Sosyal olarak, Karşımızdakinin ağlamasına pek tahammülümüz yok diyebiliriz.. Acı çektiklerini ve ağıtlarının bizi incittiğini biliyoruz. Tesellinin doğal tepkisi, karşı tarafı bu ifadeden cinsiyetine göre “erkekler ağlamaz”, “ağlama”, “Ağlamak kızlar içindir”, ister “böyle olma”, “ağlama”, “bana neye ihtiyacın olduğunu söyle ama ağlamayı kes”, bu". Bu ifadeler o kadar yaygın ki, yalnızca kişinin duygusal ifadesinin verdiği rahatsızlığı yansıtır. bir başkası ve bu yoğunlukla başa çıkmayı sürdürememe, böyle bir yardım ve duygusal destek talebi, yetişkin.

Ağlamak için bir boşluk ve bir zaman bırakalım, onların varlığının gerekli olduğunu varsayalım, kendimizi tehlikeye atmayalım. Ağlamanın kökenini ortadan kaldırmak için ağlamamanın nedenlerini tartışmaya çalışmayalım, basitçe bu doğal reaksiyona eşlik edelim ve işlevini ve etkisini normalleştirelim..
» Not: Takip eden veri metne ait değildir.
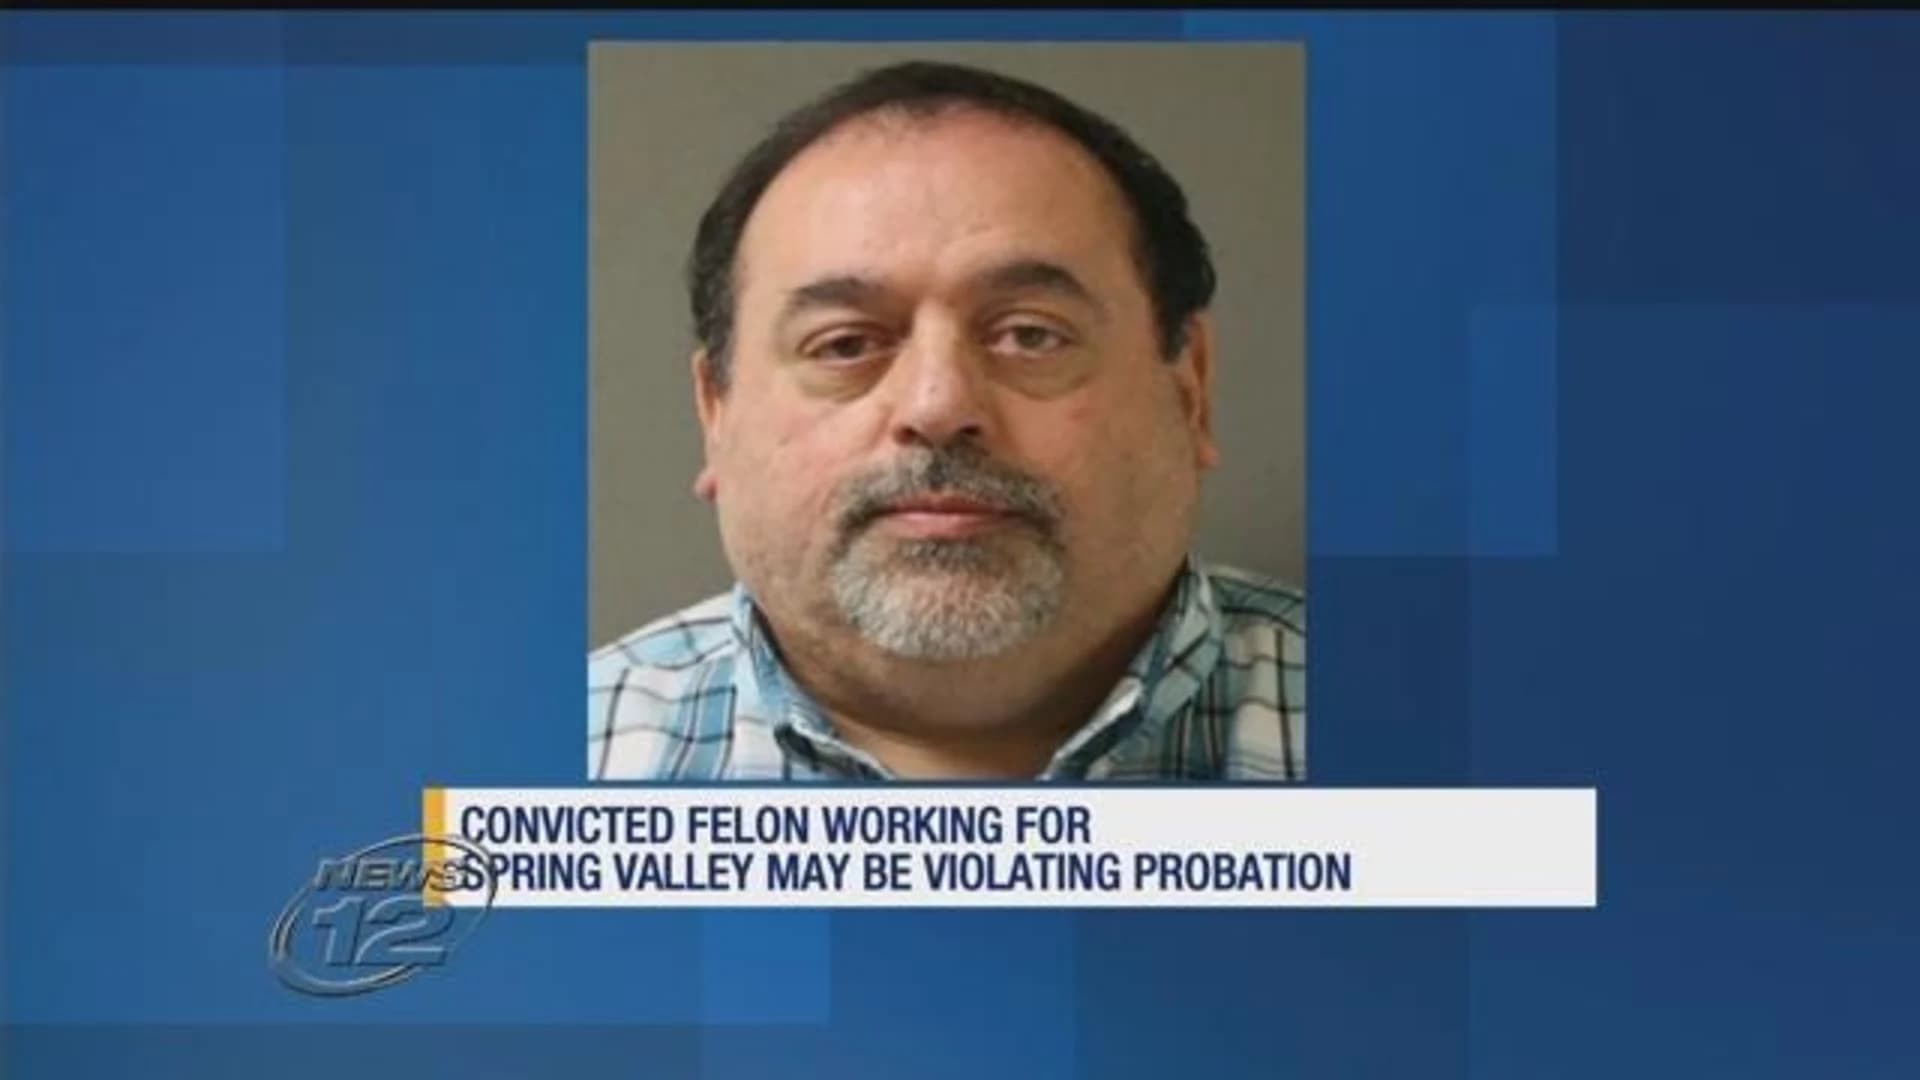 Convicted felon’s job with village draws scrutiny

René Descartes'ın Psikolojiye Değerli Katkıları

René Descartes'ın Psikolojiye Değerli Katkıları

René Descartes tipik bir Rönesans entelektüeli örneğiydi: asker, bilim adamı, filozof ve spekülat...

Devamını oku

Rüyada dişlerinin döküldüğünü görmek ne anlama gelir?

Rüyada dişlerinin döküldüğünü görmek ne anlama gelir?

Rüyada dişlerin düştüğünü görmek çoğu kişi için ortak bir deneyimdir. insanlardan. Yinelenen ve ç...

Devamını oku

8 tip psikotik bozukluk (nedenleri ve semptomları)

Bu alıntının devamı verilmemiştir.